Potential BRET quantification errors. (A) and (B): disregarding variations in the expression levels between different constructs may lead to false conclusions about their relative homodimerization affinities. (A) Constructs 1 and 2 which have different homodimerization affinities and different overall expression levels can produce indistinguishable curves in coordinates of BRET response vs YFP/Rluc ratio. (B) On the other hand, constructs 3 and 4 with identical homodimerization affinities but different expression levels can translate into different curves on the BRET response vs YFP/Rluc ratio plane. In both (A) and (B), the two constructs produce un-matching slices of their respective (distinct) 3D BRET response surfaces; this information is lost when the responses are plotted in 2D against YFP/Rluc ratio. (C) and (D): despite the constant DNA transfection amounts, levels of Rluc-tagged receptor expression may decline (C) or increase (D) in samples with higher YFP-tagged receptor expression, as indicated by changes in the unfiltered luminescence.
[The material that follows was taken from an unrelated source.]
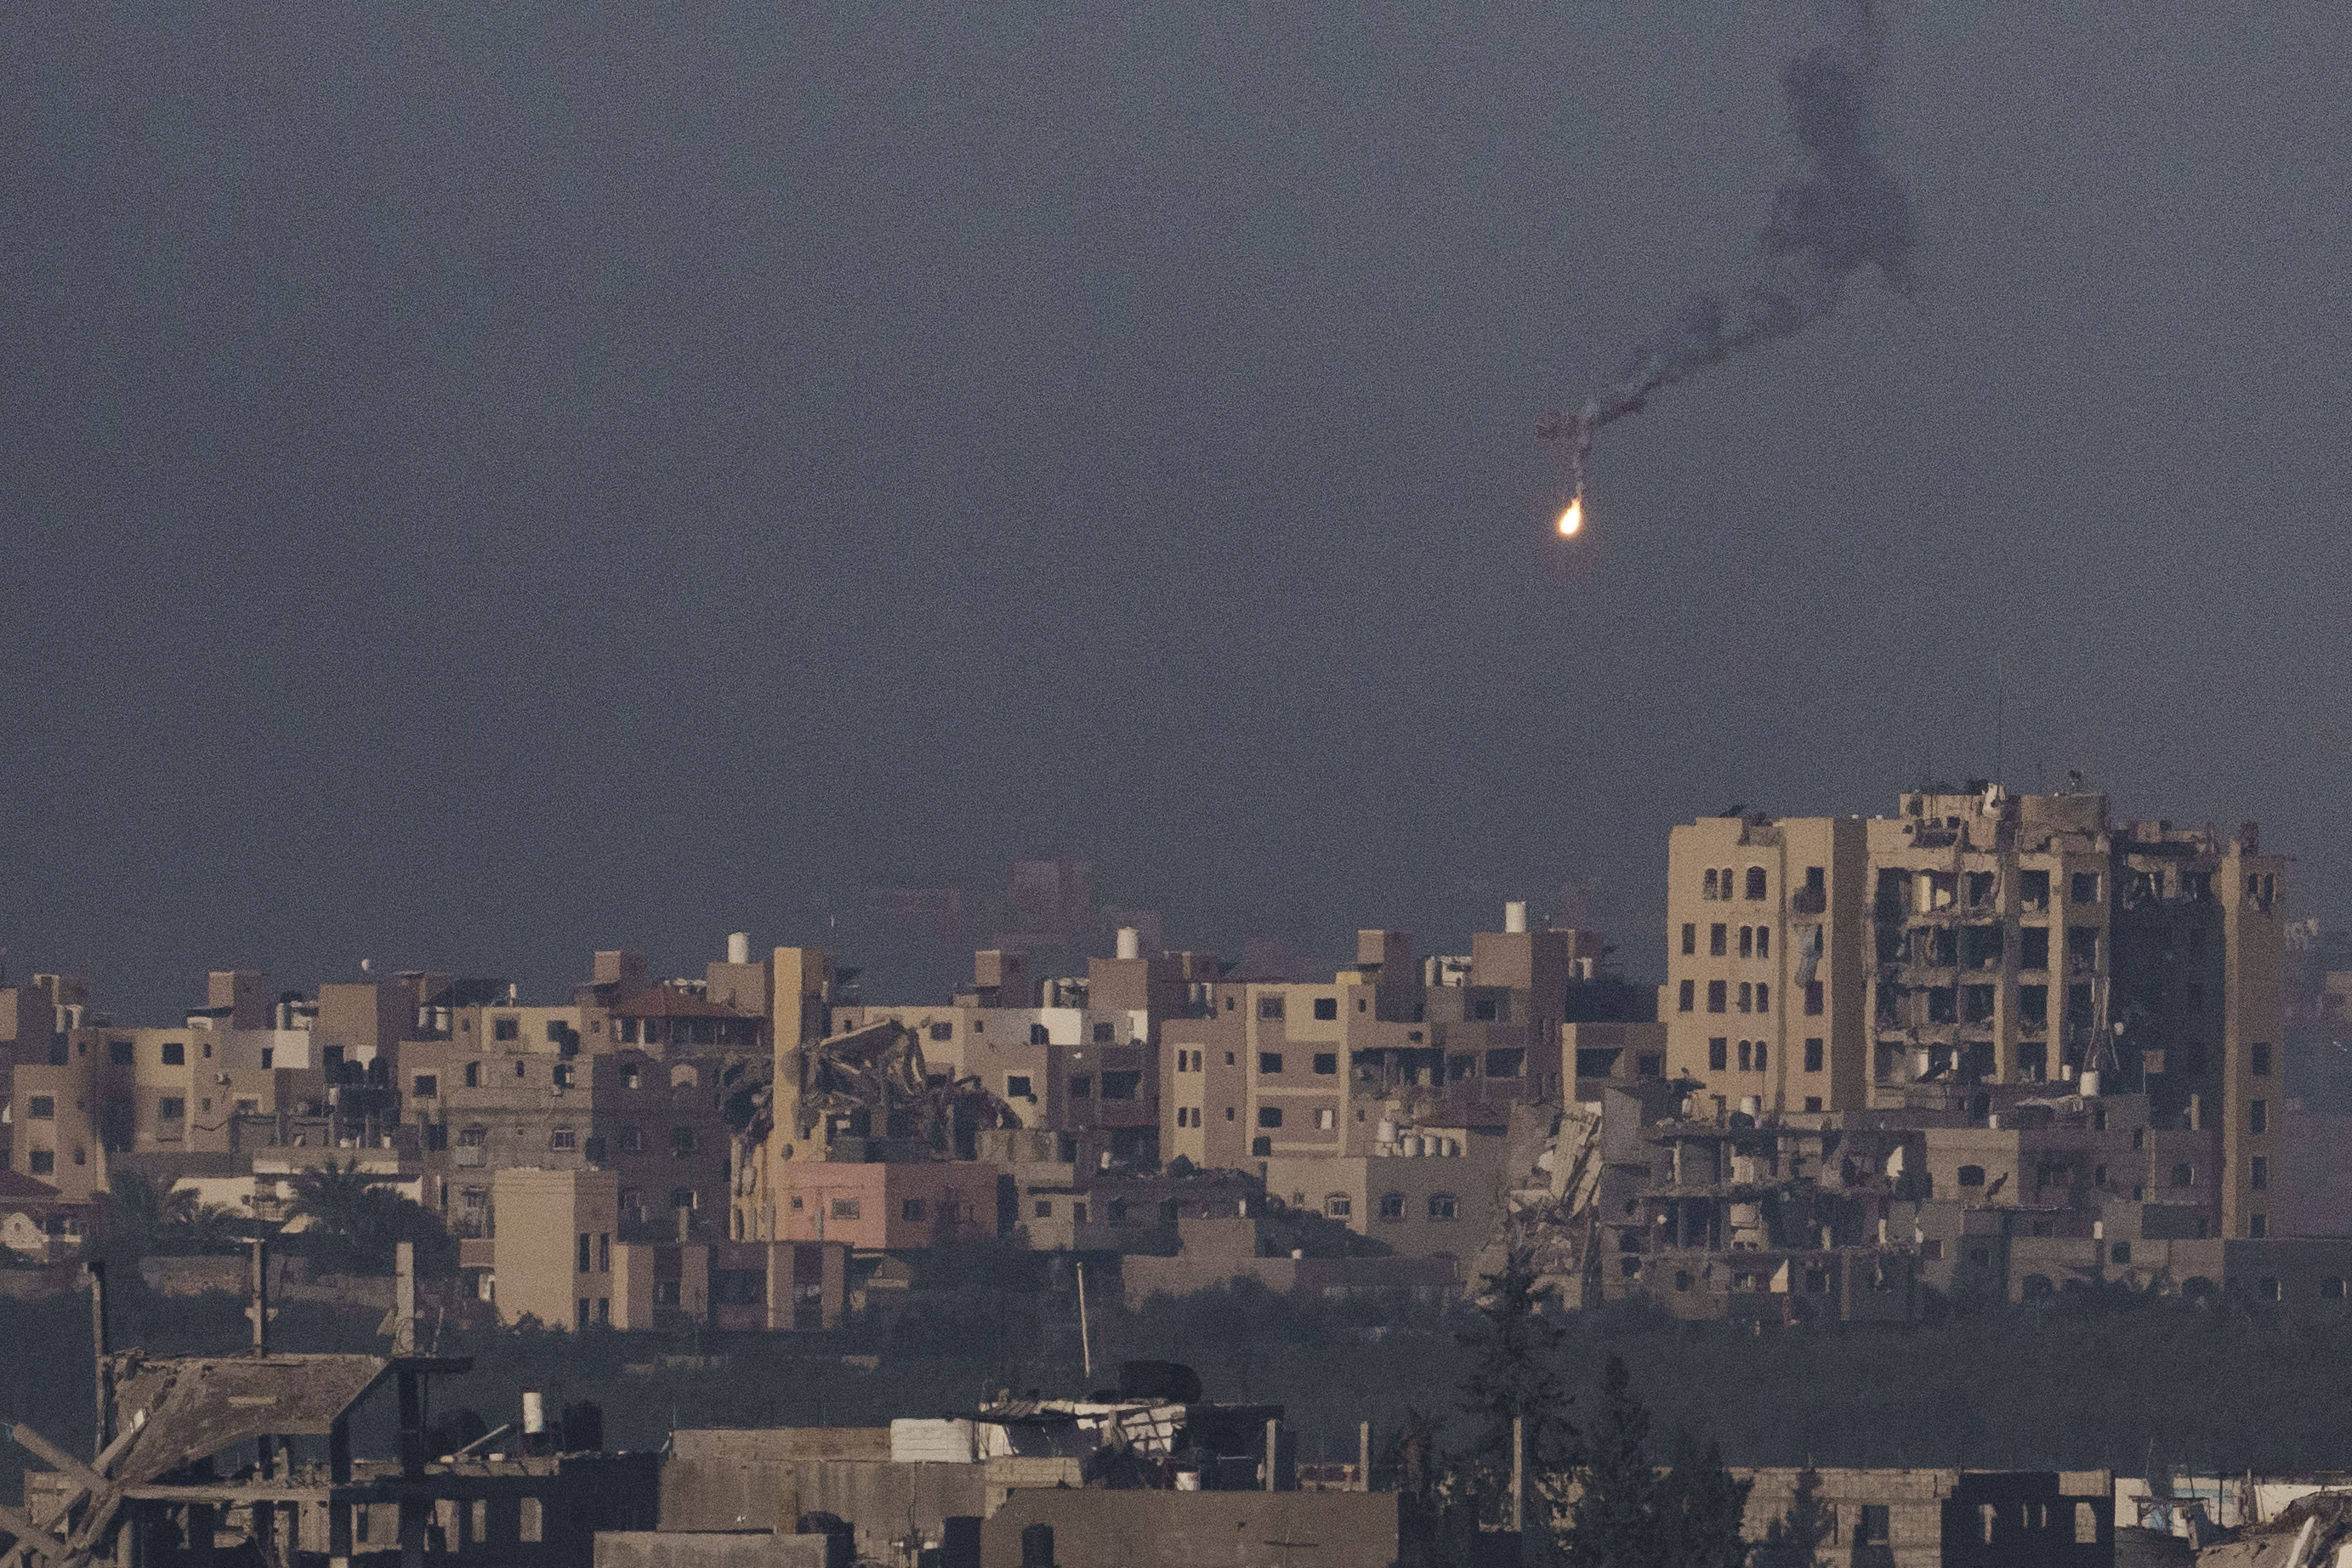 Un helicóptero Apache israelí dispara un misil en dirección a la Franja de Gaza.

The plots represent data obtained in a CXCR4 homodimerization experiment (C) and in an undisclosed GPCR heterodimerization experiment (D). (E) Quantification errors due to disregarding the interdependence of expression levels of Rluc- and YFP tagged constructs. If the Rluc-tagged receptor expression changes when the YFP-tagged receptor is varied, the problem can be thought of as taking non-parallel slices from the 3D BRET response surfaces, which can lead to artifacts of interpretation.

Figure 9

Homo-dimerization of CXCR4 and selected points mutants of the TM5-TM6 interface observed in crystallography. (A) BRET_net ratio is plotted against the YFP/Rluc expression ratio; (B) the same data converted to fraction of receptor in dimers plotted against the total surface density of the receptor. Differences between dimerization parameters have been clarified by correcting for variations in Rluc-tagged receptor expression between constructs and by converting the BRET_net/BRET_max values into 2d/R values using Eq. (7) (see text). This example illustrates the advantages of the discussed additions to the data analysis. *quad = L194A/W195A/L267A/E268A.